What to produce:
Can the lines below, from the one that holds "Dick Sucking Okonomi" to the very end, be echoed exactly, with both ends included and no pictures?

Materials provided:
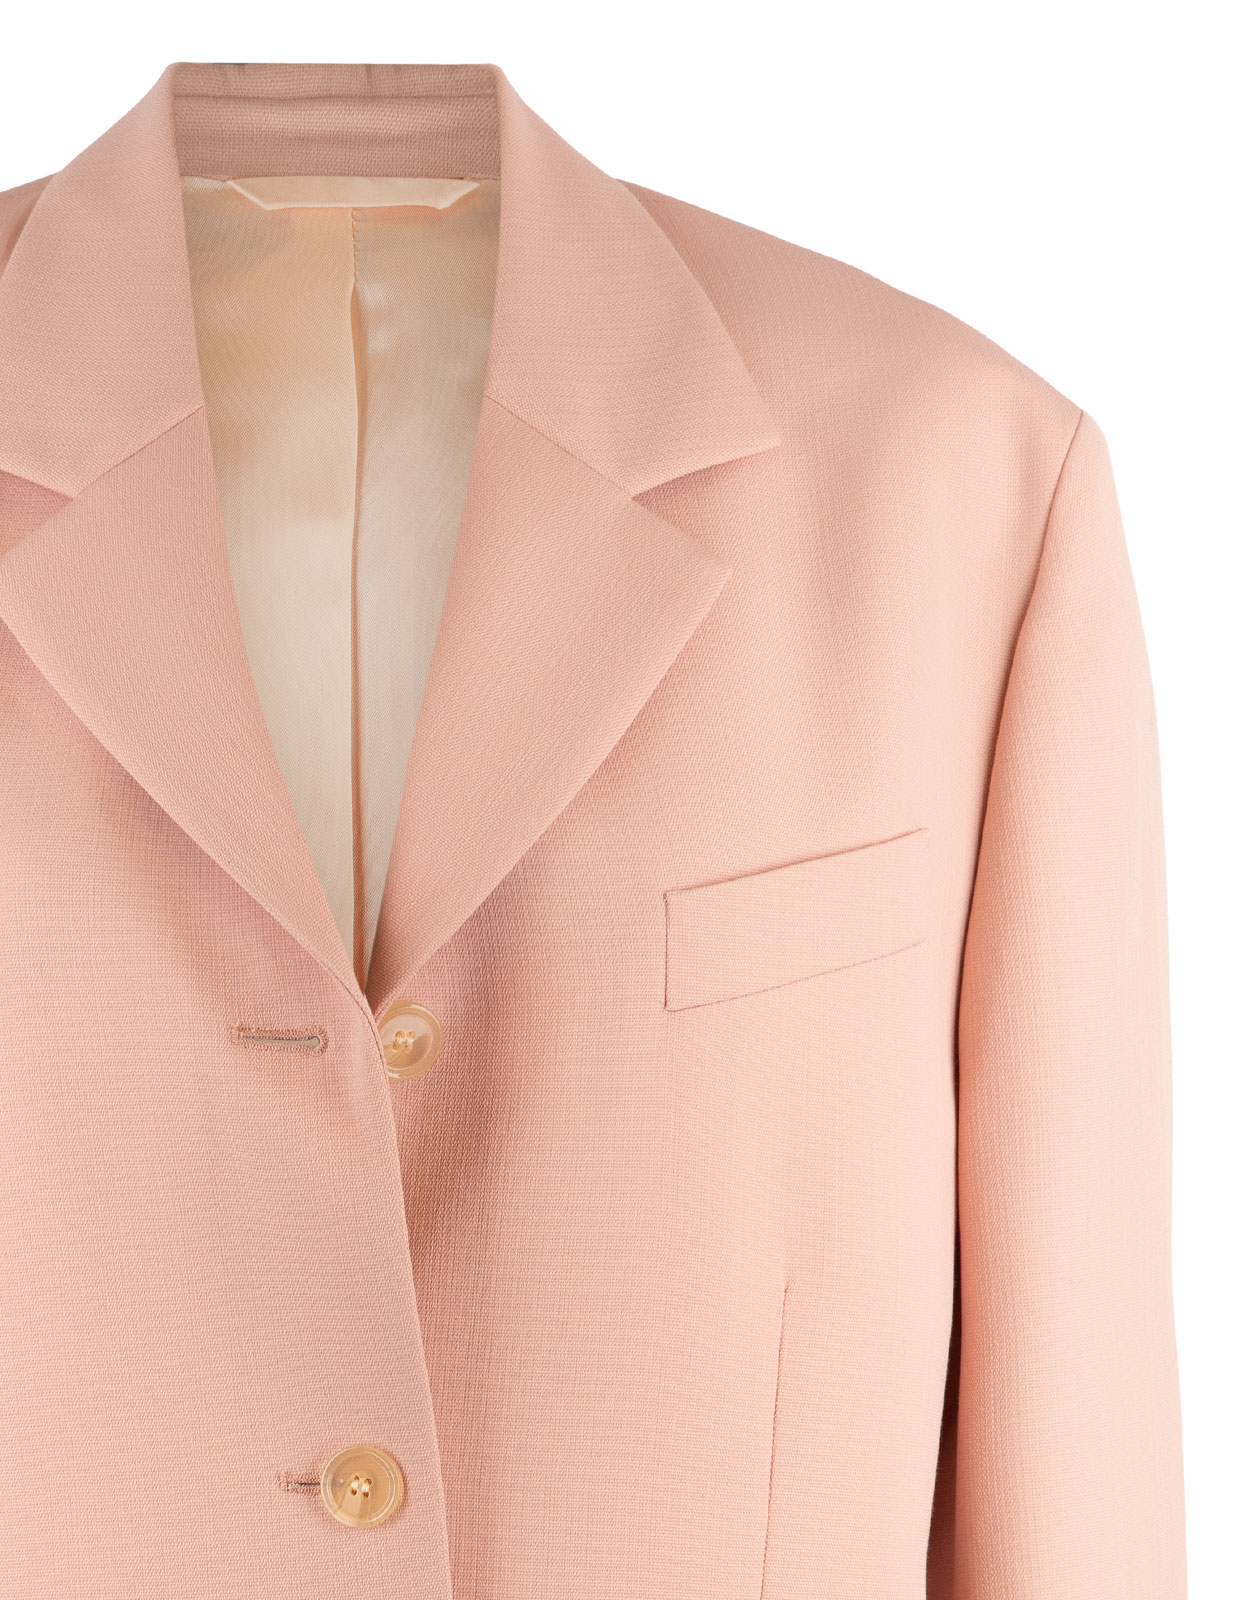 Suit Jacket Powder Pink
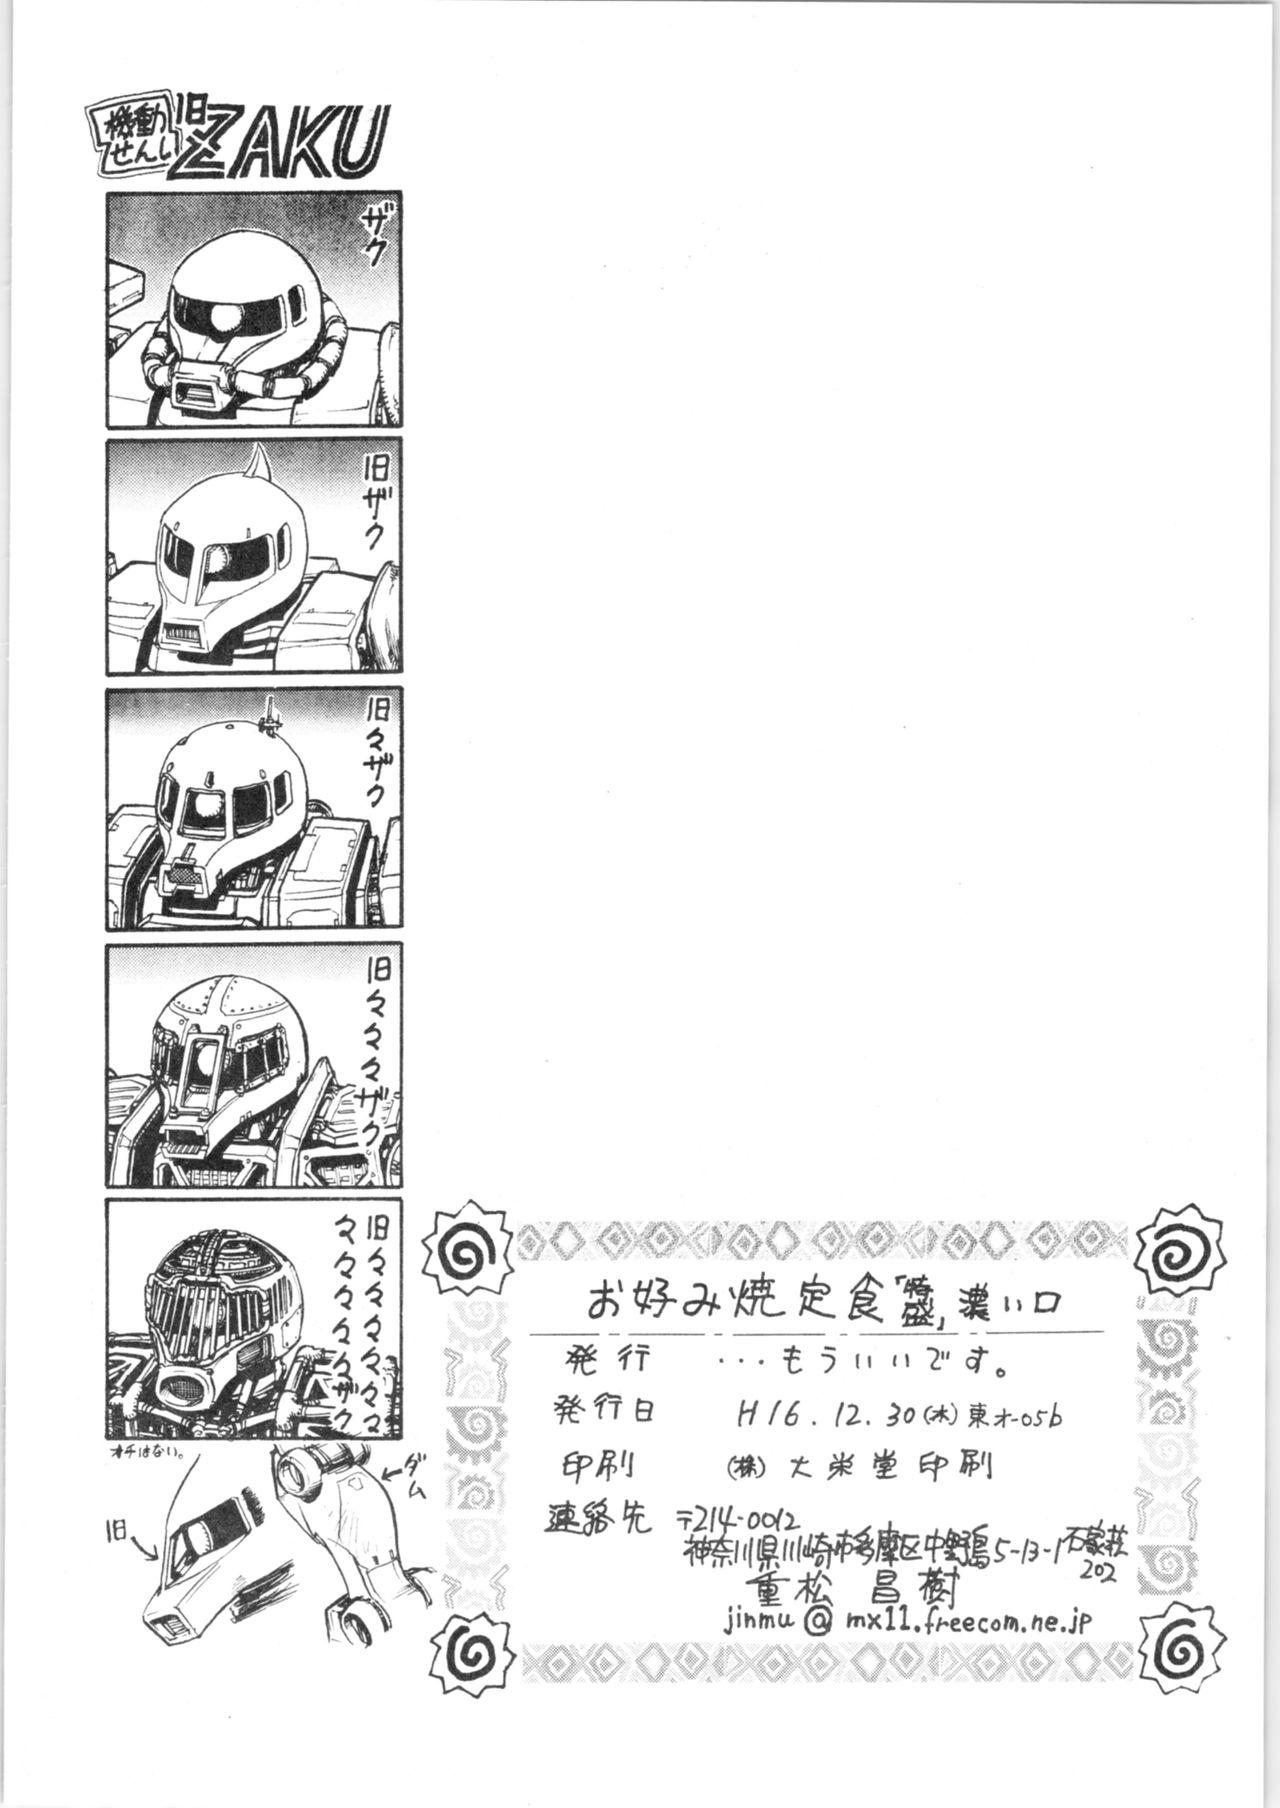 Dick Sucking Okonomi Yaki Teishoku "Tokumori" - Ranma 12 Freeporn - Page 33
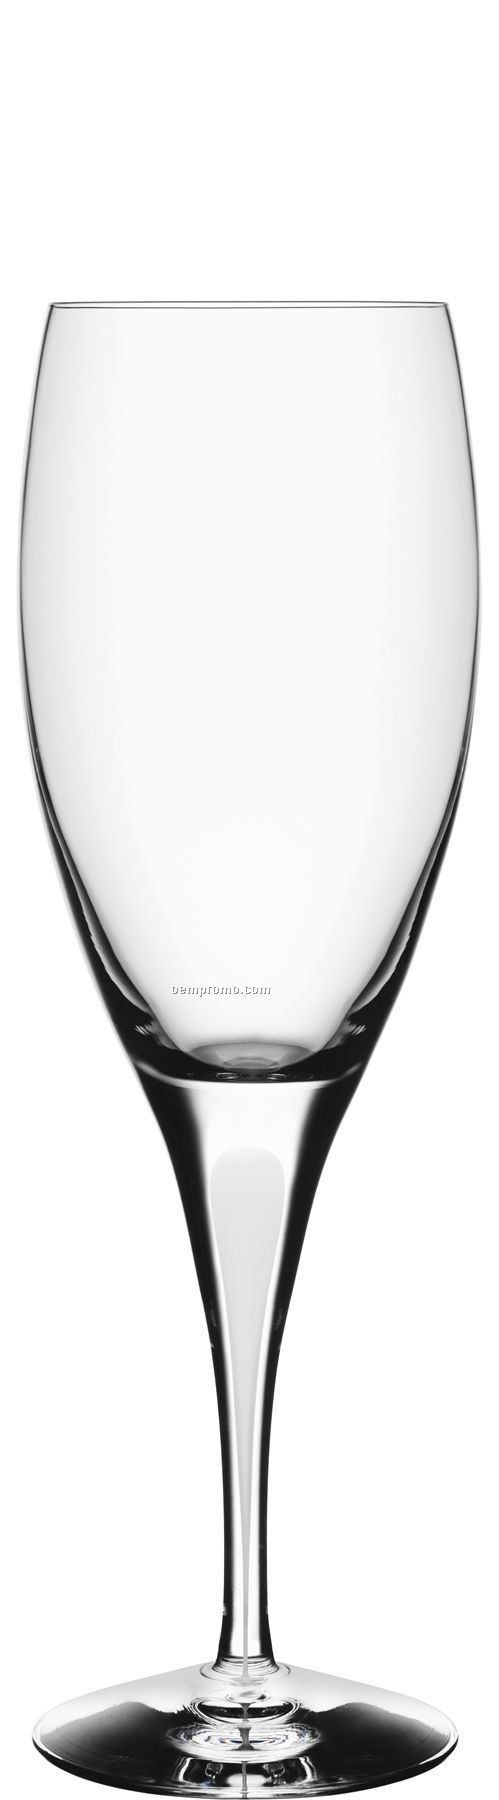 Intermezzo Crystal Satin Claret Wine Glass W/ White Drop
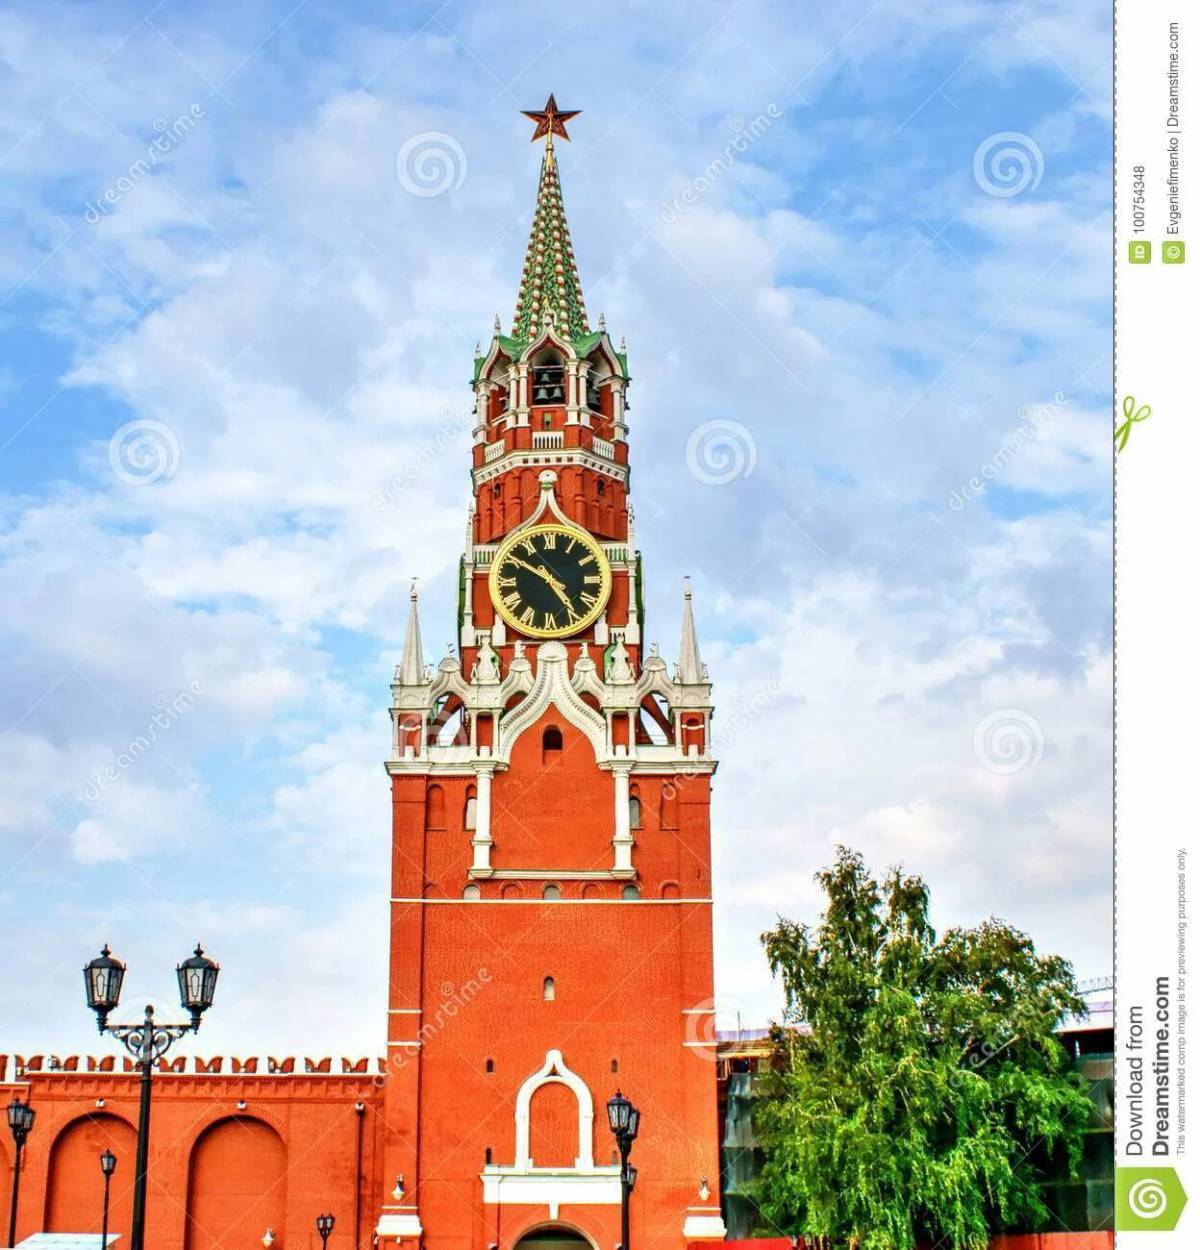 спасская башня московский кремль старые
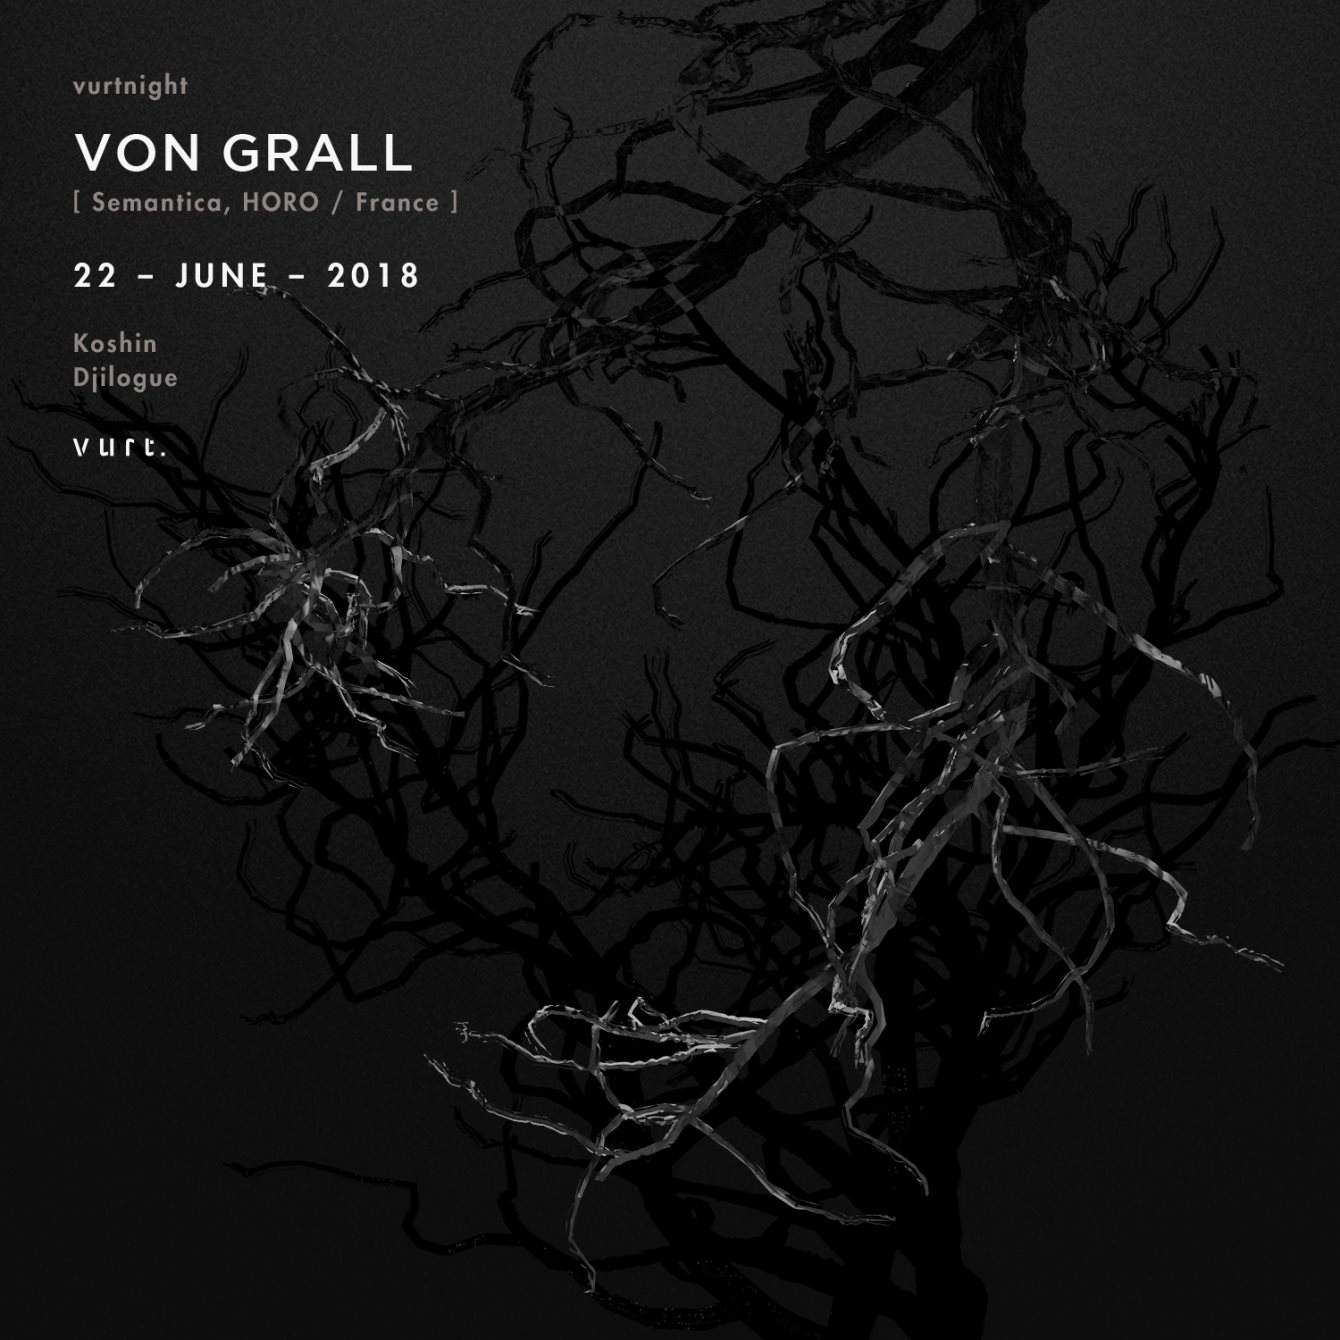 vurtnight with Von Grall - Página frontal

Response box:
 Dick Sucking Okonomi Yaki Teishoku "Tokumori" - Ranma 12 Freeporn - Page 33
 Intermezzo Crystal Satin Claret Wine Glass W/ White Drop
 спасская башня московский кремль старые
 vurtnight with Von Grall - Página frontal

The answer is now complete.